Sub-Division I.—MYXOMYCETES, SLIME-FUNGI.
The Slime-Fungi occupy quite an isolated position in the Vegetable Kingdom, and are perhaps the most nearly related to the group of Rhizopods in the Animal Kingdom. They live in and on organic remains, especially rotten wood or leaves, etc., on the surface of which their sporangia may be found.

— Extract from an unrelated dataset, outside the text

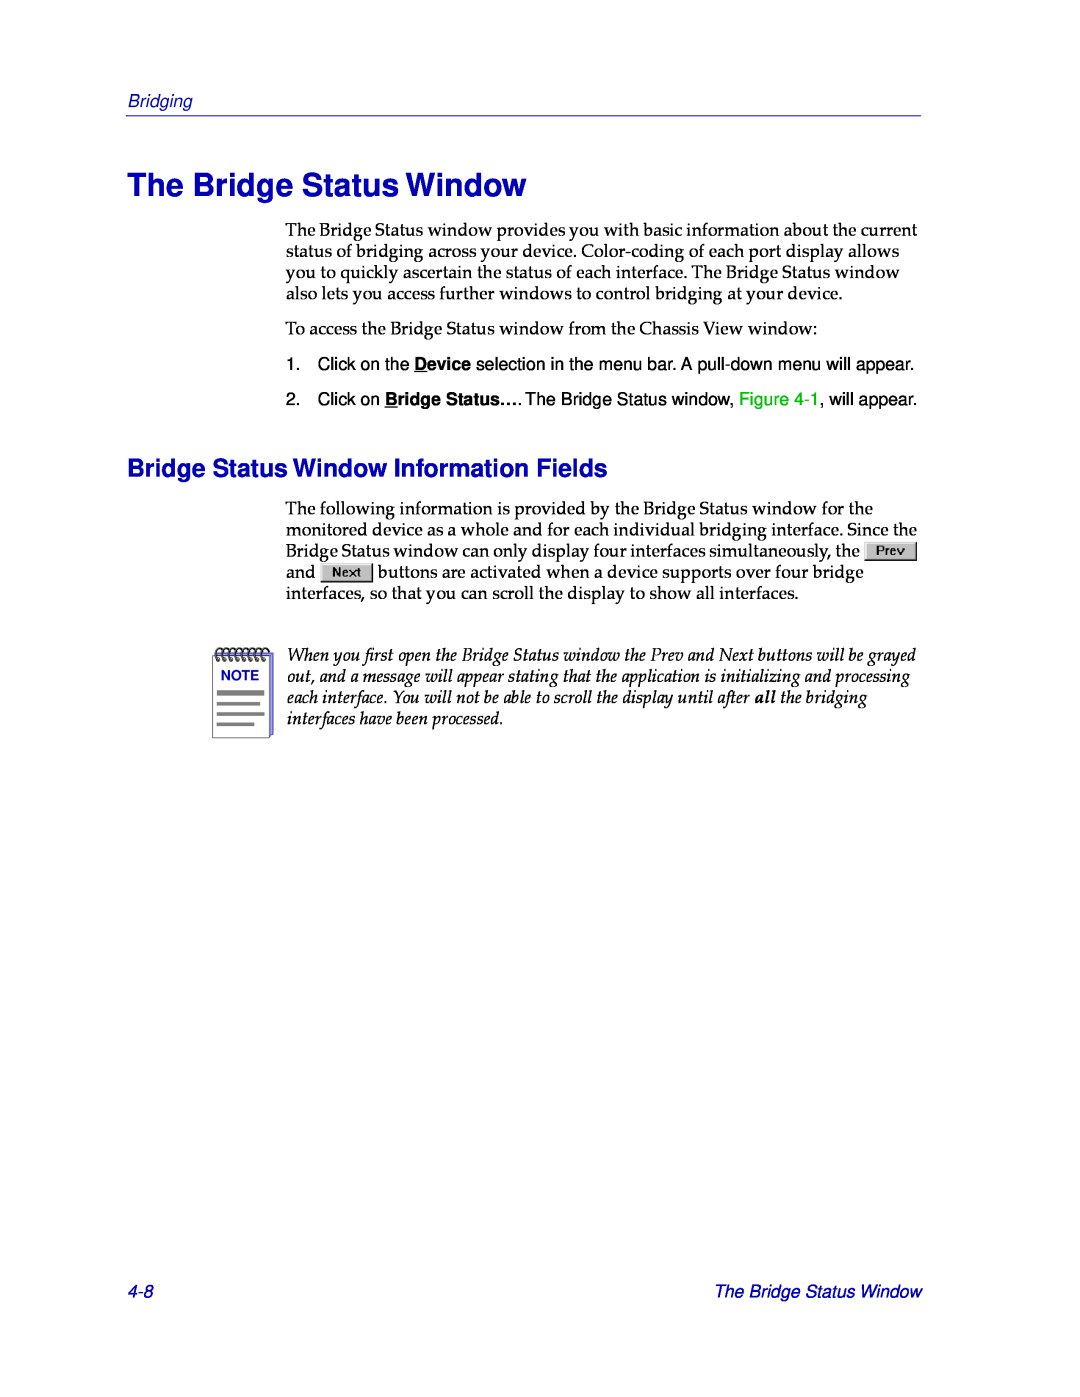 Cabletron Systems CSX400, CSX200 manual The Bridge Status Window, Bridge Status Window Information Fields, Bridging 
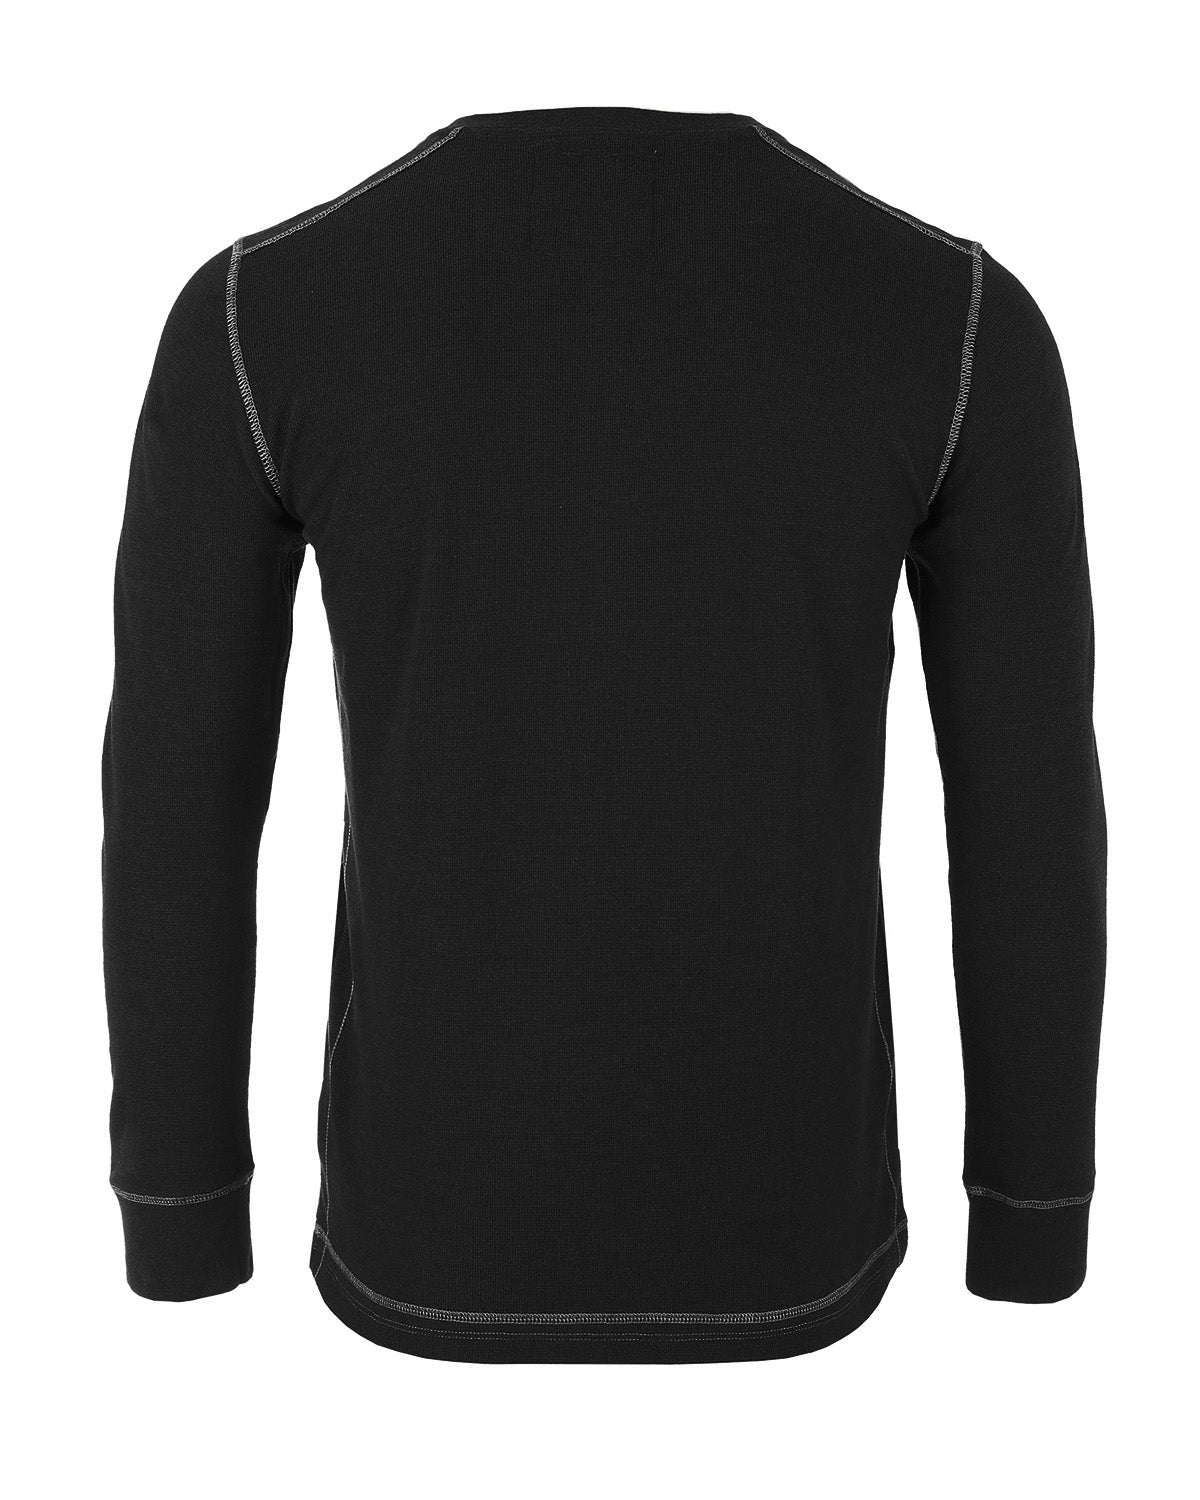 Men's Casual Long Sleeve Lightweight Thermal Henley Essential Shirt

They are organisms without chlorophyll, and in their vegetative condition are masses of protoplasm without cell-wall (plasmodia). They multiply by means of spores, which in the true Slime-Fungi[3] are produced in sporangia, but in some others[4] free. The spores are round cells (Fig. 1 a) which in all the true Slime-Fungi are surrounded by a cell-wall. The wall bursts on germination, and the contents float out in the water which is necessary for germination. They move about with swimming and hopping motions like swarmspores (e, f), having a cilia at the front end and provided with a cell-nucleus and a pulsating vacuole. Later on they become a little less active, and creep about more slowly, while they continue to alter their form, shooting out arms in various places and drawing them in again (g, h, i, k, l, m); in this stage they are called Myxamœbæ.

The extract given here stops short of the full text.